Met akoestische gitaar, viool en contrabas vormen Gilbert Isbin, Jeff Gauthier en Scott Walton geen standaard jazztrio, noch passen ze in het plaatje van de huidige elektronische jazztendensen. Flashy is hun muziek niet meteen te noemen, maar op 'Venice Suite' laten ze wel horen wat lekker ouderwets vakmanschap kan opleveren zonder oubollig te klinken.

Dankzij de samenstelling van het trio is iedere muzikant verzekerd van een eigen register en een eigen terrein. Van onderlinge naijver is dan ook nergens sprake, wat het groepsgeluid ten goede komt: zonder extreem complex te worden demonstreren de heren een secuur en afgelijnd samenspel. Het muzikale evenwicht wordt daarmee uiteraard delicaat, maar buiten de wat zwakke intonatie van Walton in 'Why Was That' houdt het trio alles onder controle.

Het album voorstellen met één exemplarisch nummer is onmogelijk. Daarvoor worden er te veel muzikale uitersten opgezocht. Niet dat de muziek bijzonder eclectisch is, maar het contrast tussen de gecomponeerde tracks en geïmproviseerde suites is groot.
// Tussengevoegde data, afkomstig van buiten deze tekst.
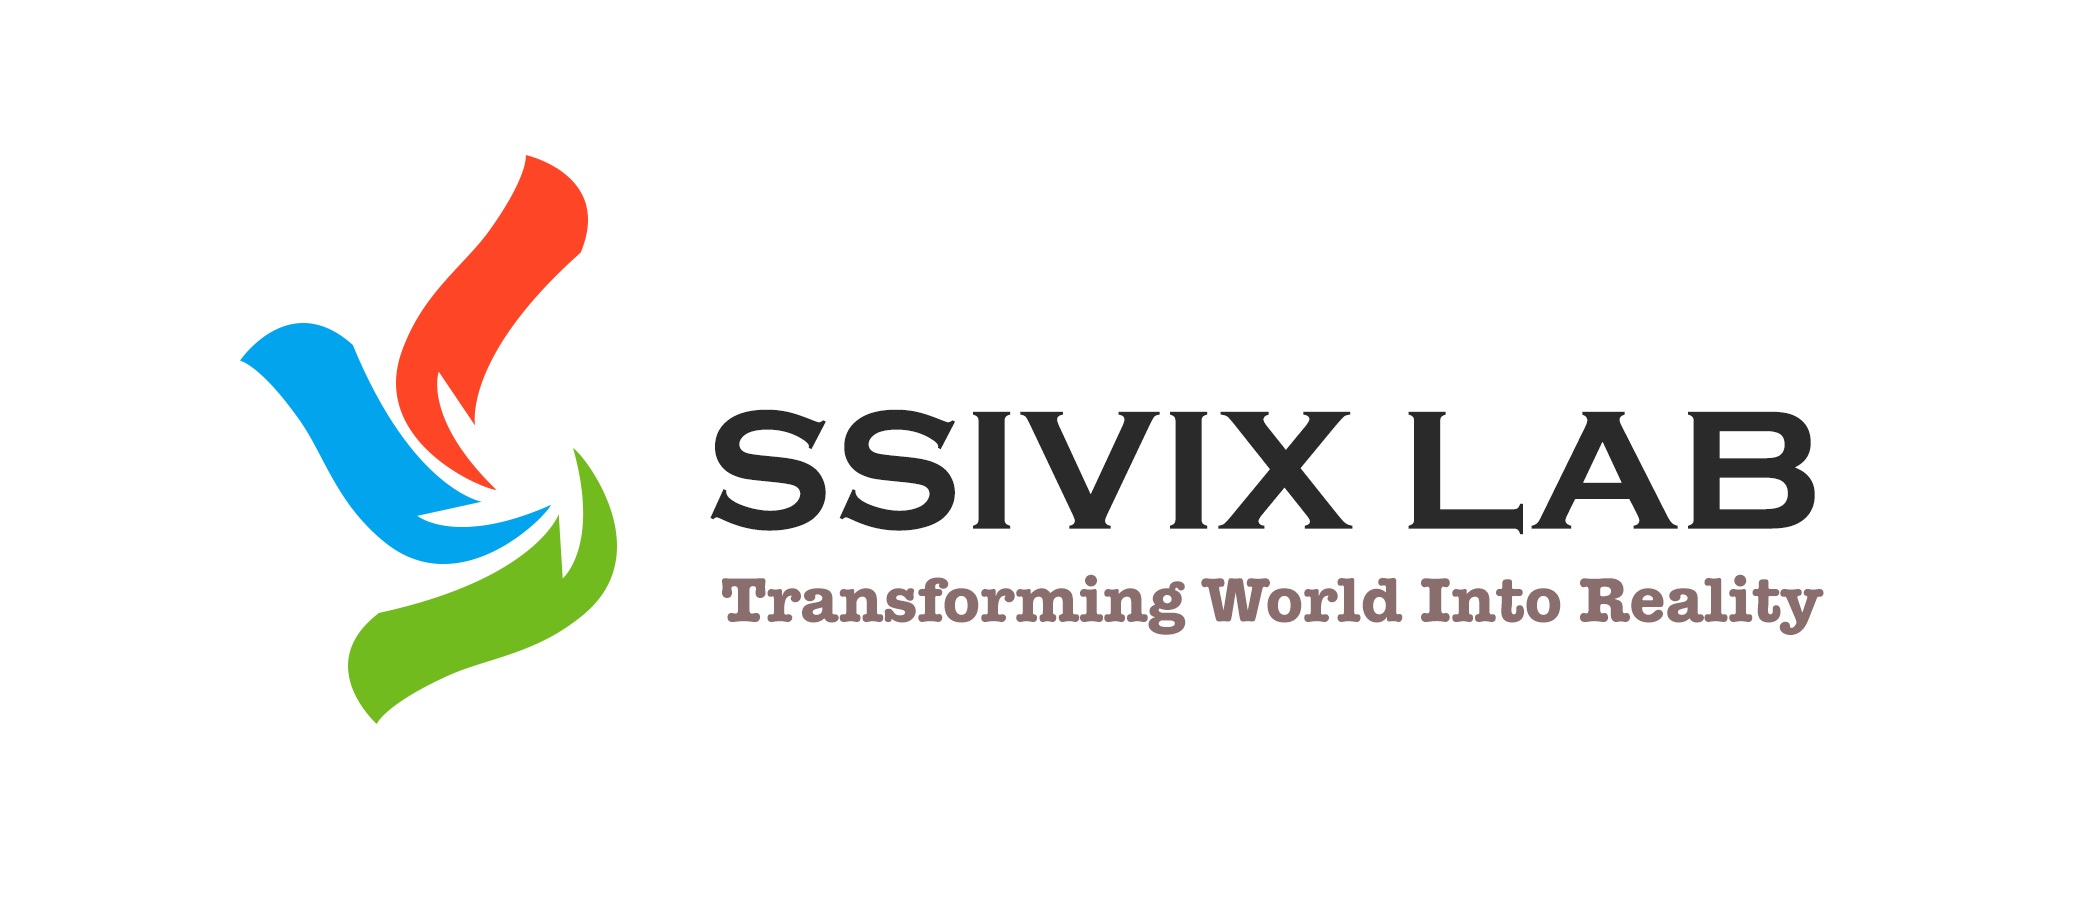 SSIVIX Lab’s MyCLNQ One-Stop Digital Health App Serves The Community Amid Covid-19
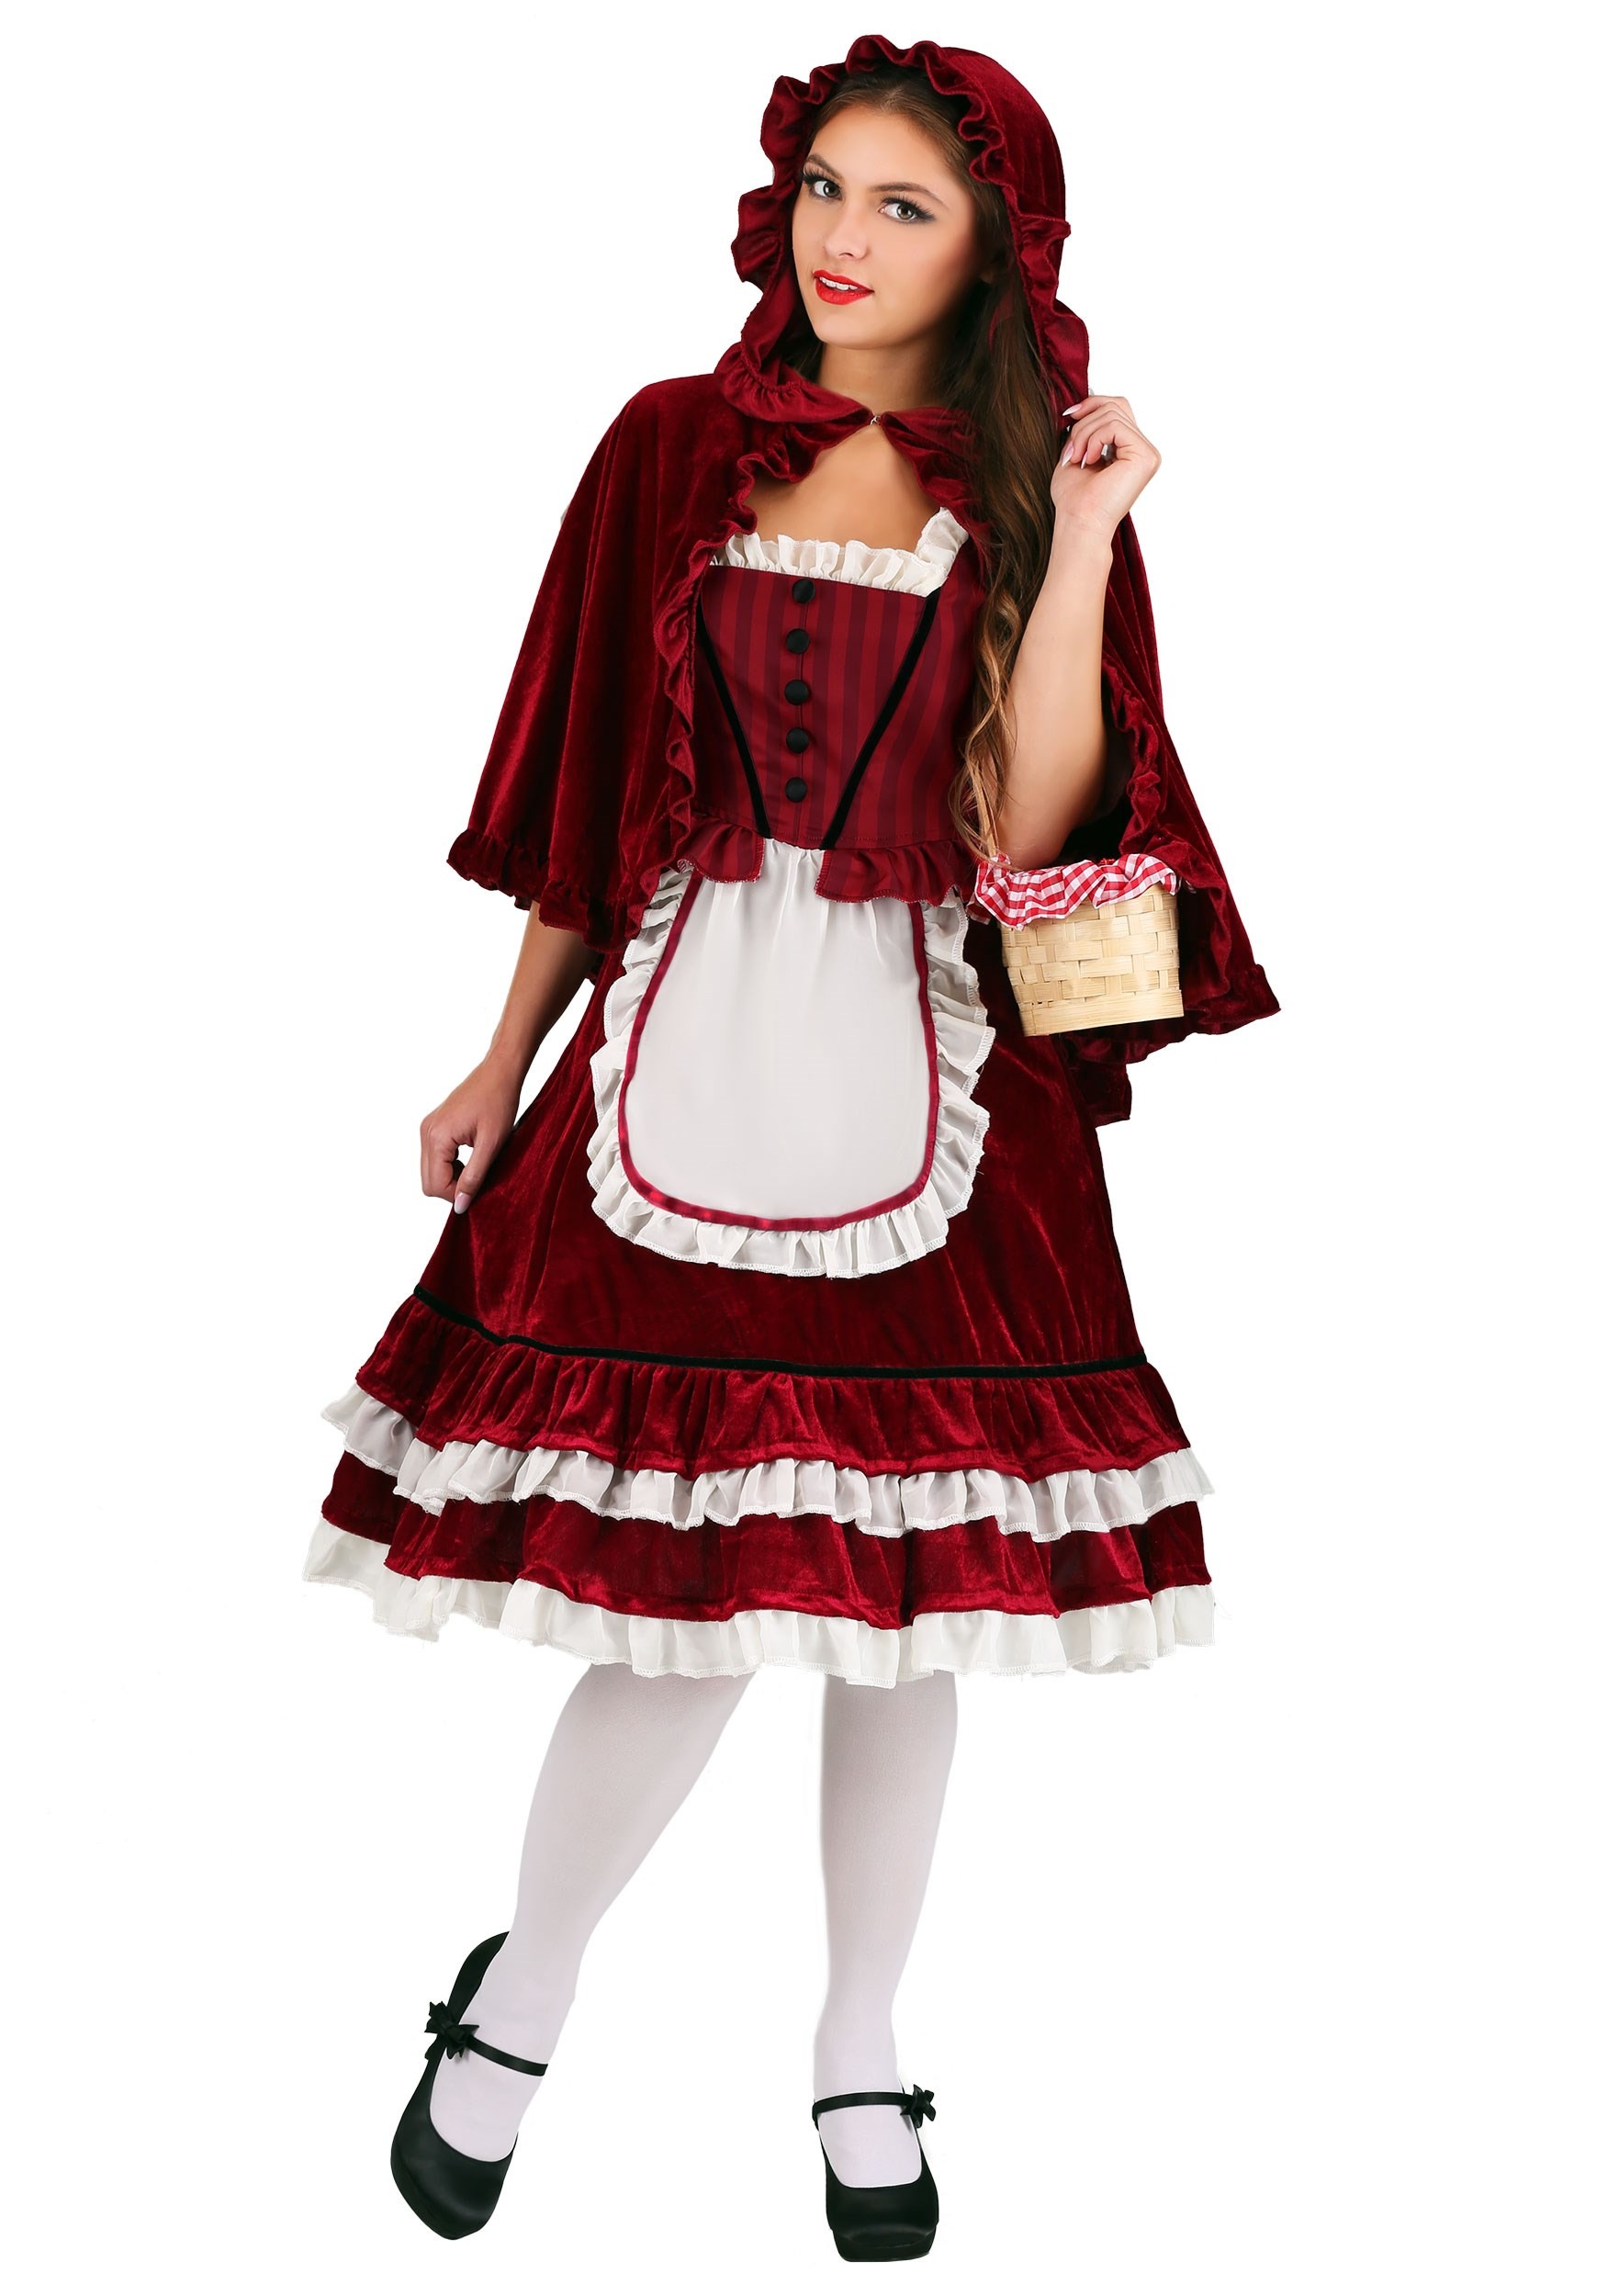 Andernfalls Transzendieren Hostess Red Riding Hood Kostüm Gittergewebe Kleid Knöchel

Het meest toegankelijk zijn de melodische, duidelijk afgelijnde stukjes – geen enkele track komt boven de vijf minuten uit – waarin de solistische passages ondergeschikt zijn aan het triospel. Met de zachte sound en de drukkere gitaarpartijen sluit de muziek aan bij chanson en flamenco zonder zich in deze stijlen vast te bijten. Binnen dit kader laveert het trio tussen licht weemoedig, duister en zelfs licht dreigend. 'Shine' wordt gedragen door een stevige contrabasdrive en 'Why Was That' laat een knap uitgewerkt arrangement horen. Andere nummers klinken dan weer vrijer, zoals 'Cute Moments' waarin de drie muzikaal rondcrossend tikkertje lijken te spelen.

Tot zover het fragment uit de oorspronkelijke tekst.